While it might seem that the main aim of microservices is to aid agile application development and deployment, its main benefit lies in the flexibility it provides businesses to be transformative in nature and stay ahead of their competitors. Microservices allows businesses to become more proactive in nature instead of reactive and gives businesses a chance to accelerate digital transformation and power scalable innovation. Gartner Research estimates that today 51% of enterprises are looking at adopting a microservices architecture because of the following benefits:

  • Microservices gives developers the flexibility to build smaller, focused services that are clearly partitioned across functional boundaries to promote developer productivity.
  • Developers can use different technology stacks for different functionalities according to the business case or feature requirement as microservices is language agnostic. So, for event-processing microservices, they may use java and Cassandra and for recommendation microservices, they can use python for its machine learning capabilities. Developers have the flexibility to implement each service using a different language, framework or ancillary service. While this might sound challenging to manage services written in different languages for one application, it can easily be done using containers.
  • Microservices allows those services that are high in demand to be deployed separately across multiple servers for performance enhancement and ensures that other services do not get impacted due to surges in demand. This enables ease of deployment and resilience.
  • Microservices also makes it easier to change and test an application and makes security and regression testing easier and faster as they have smaller code bases that are easy to understand and contain.
  • Microservices is designed to work in a cloud environment and hence interact differently with the IT infrastructure with the help of automation.
  • Microservices architecture also provides system resilience. If one microservice stops working only a small and limited functionality gets affected. This makes it easier to manage and mitigate functionality failures easily.
  • Microservices also provides interoperability on security and security mechanisms and support different styles of credentials in an existing implementation and solution.

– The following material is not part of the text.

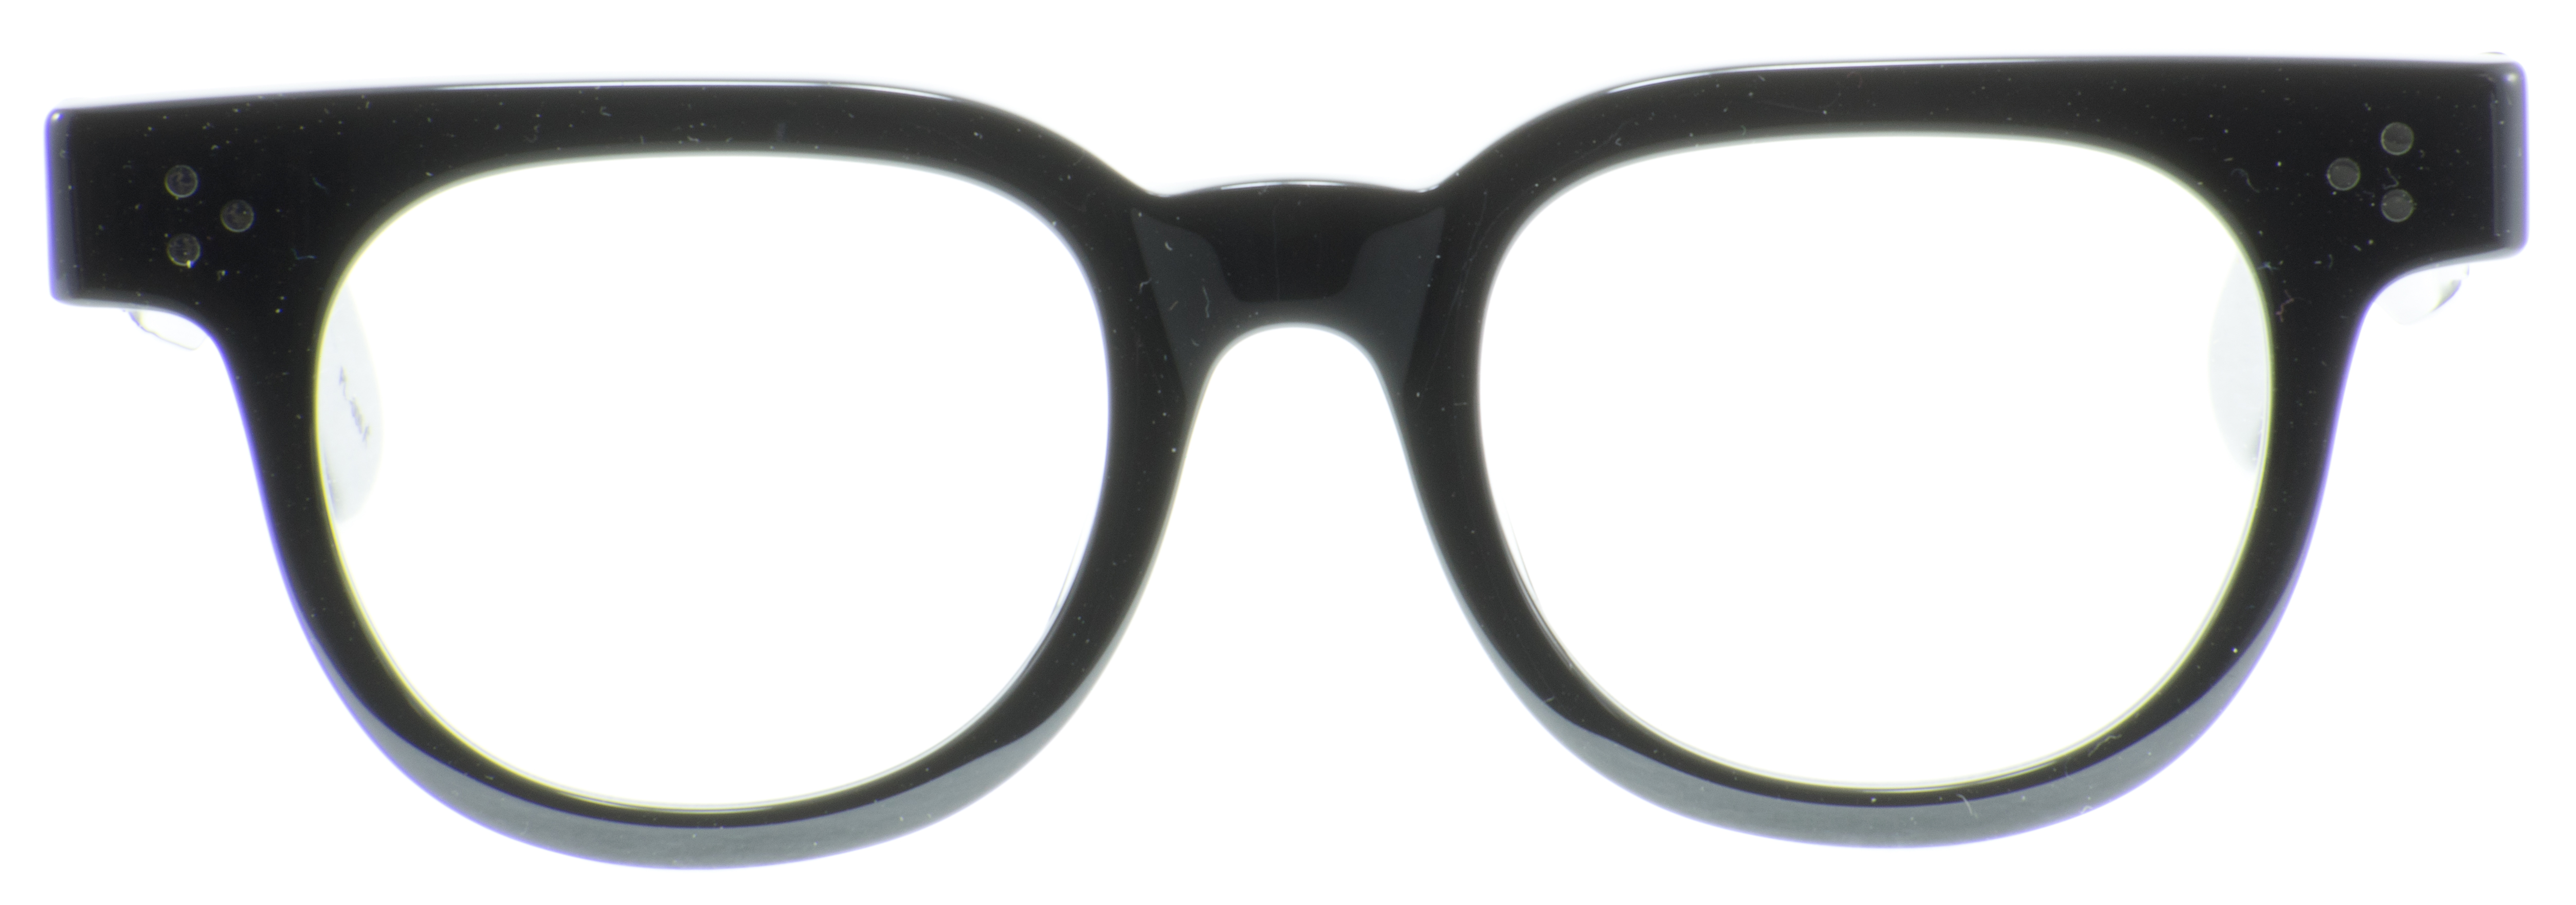 JULIUS TART OPTICAL FDR 48 Black 1360270801

SOA and Microservices – two sides of the same coin?

While the concept of Microservices might sound similar to Service Oriented Architecture (SOA) these two are not interchangeable concepts. For starters, Microservices is much more light weight when compared to SOA. While Microservices are independently deployable, SOA is implemented in ‘deployment monoliths’ with SOA being more platform driven. In SOA application services provide services to the other components of the application. In Microservices, however, each component or service is an independently deployed feature or service. While many might say that “Microservices is SOA’ done correctly, there are many smaller differences that divide these two. However, that is a discussion for another day.